There is still room for improvement in accuracy. The monocular SLAM algorithm generally has problems relating to scale drift due to error accumulation. A loop-closure detection module is necessary for pose correction. Similar concepts can be used in the 3D reconstruction system. The localization module with closed-loop function can fuse the previous and current point clouds to build a drift-free 3D model, which can build a larger scale of terrain scene.

6. Conclusions

In this study, we use the portable embedded platform as a computing device to implement a real-time 3D reconstruction system for large scenes of various terrains. The proposed method is well designed by carefully considered from two aspects, i.e., hardware and algorithm. The algorithm makes full use of the geometric characteristics of the terrain scene, combines the advantages of SLAM and MVS-based depth estimation, and makes improvements in keyframe selection and depth searching. In terms of hardware, by analyzing the structural characteristics of GPU and independence of computation process, we utilized ROS-based multi-process and CUDA acceleration techniques, which enables the algorithm to achieve real-time performance. The overall experiments results have demonstrated that, in the ultra height altitude aerial dataset (≥800 m), more than 83.741% of the depth estimation error rate are lower then 1% in the simulated scene. In the global mapping, 93.462% of the estimated point clouds with absolute error distance of less then 0.9%. In the real-world scene, more than 81.27% of our estimated point clouds are less than 5 m difference from the results of Photoscan.

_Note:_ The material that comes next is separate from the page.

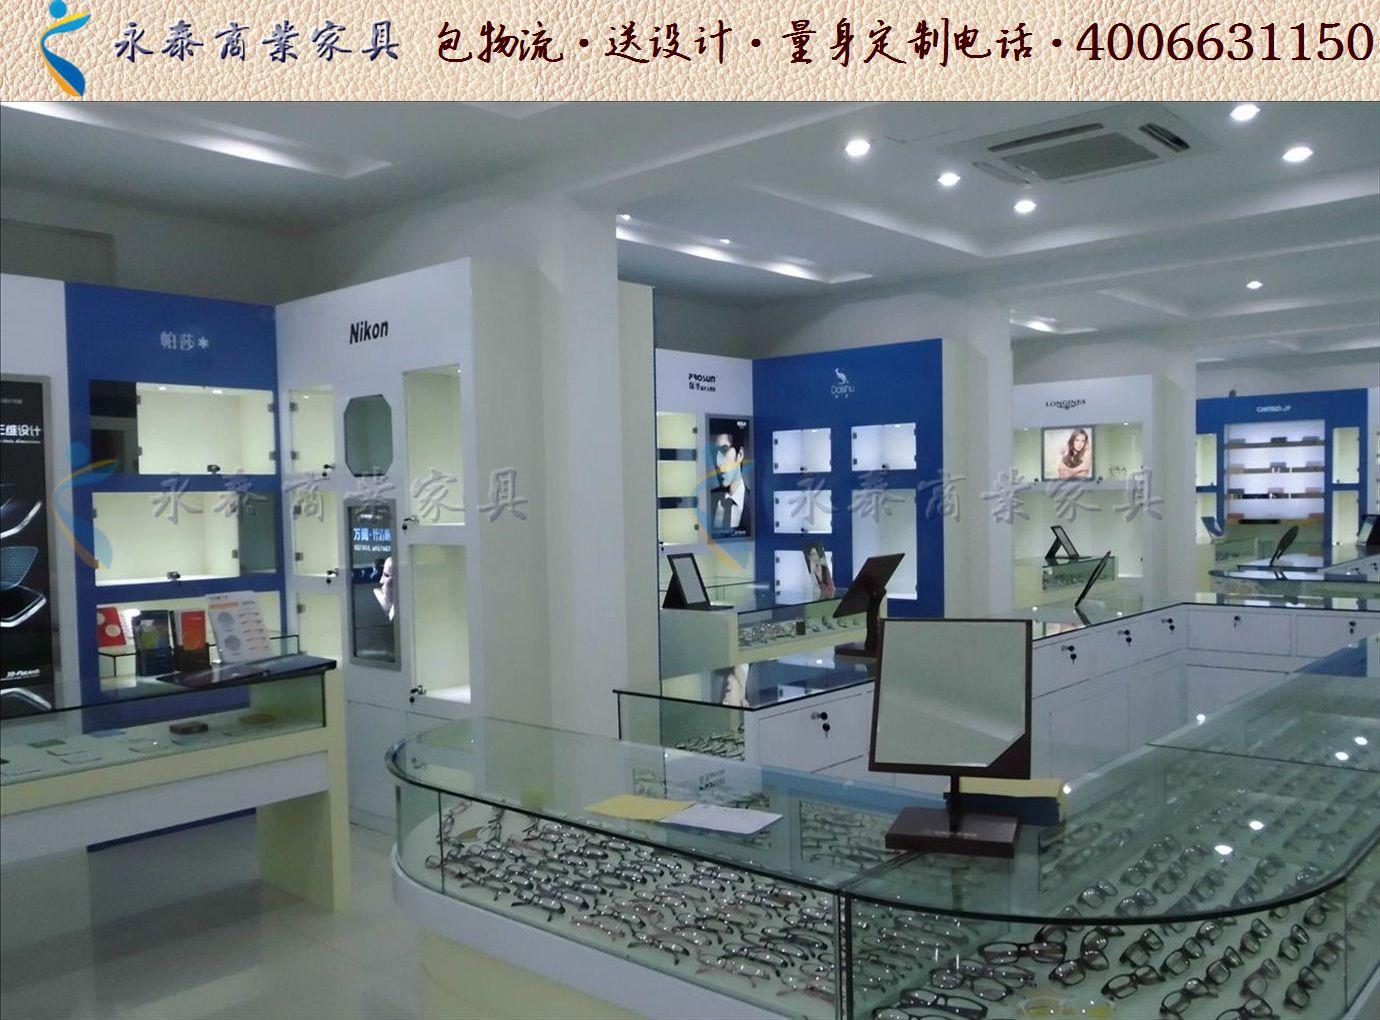 个性眼镜店装修展柜效果图大全时尚眼镜店装修货架展柜1207

The proposed method can be used for various terrains scenes and outperforms the state-of-the-art embedded GPU-based real-time 3D reconstruction method in terms of accuracy and efficiency.

Author Contributions

Conceptualization: Z.L. and F.L.; data curation: F.L. and S.G.; formal analysis: X.M. and W.L.; funding acquisition: S.H.; methodology: Z.L.; project administration: S.H.; software: Z.L.; writing—original draft: Z.L. All authors have read and agreed to the published version of the manuscript.

Funding

This research was funded by the International Science and Technology Cooperation Project, grant number 2015DFR10830.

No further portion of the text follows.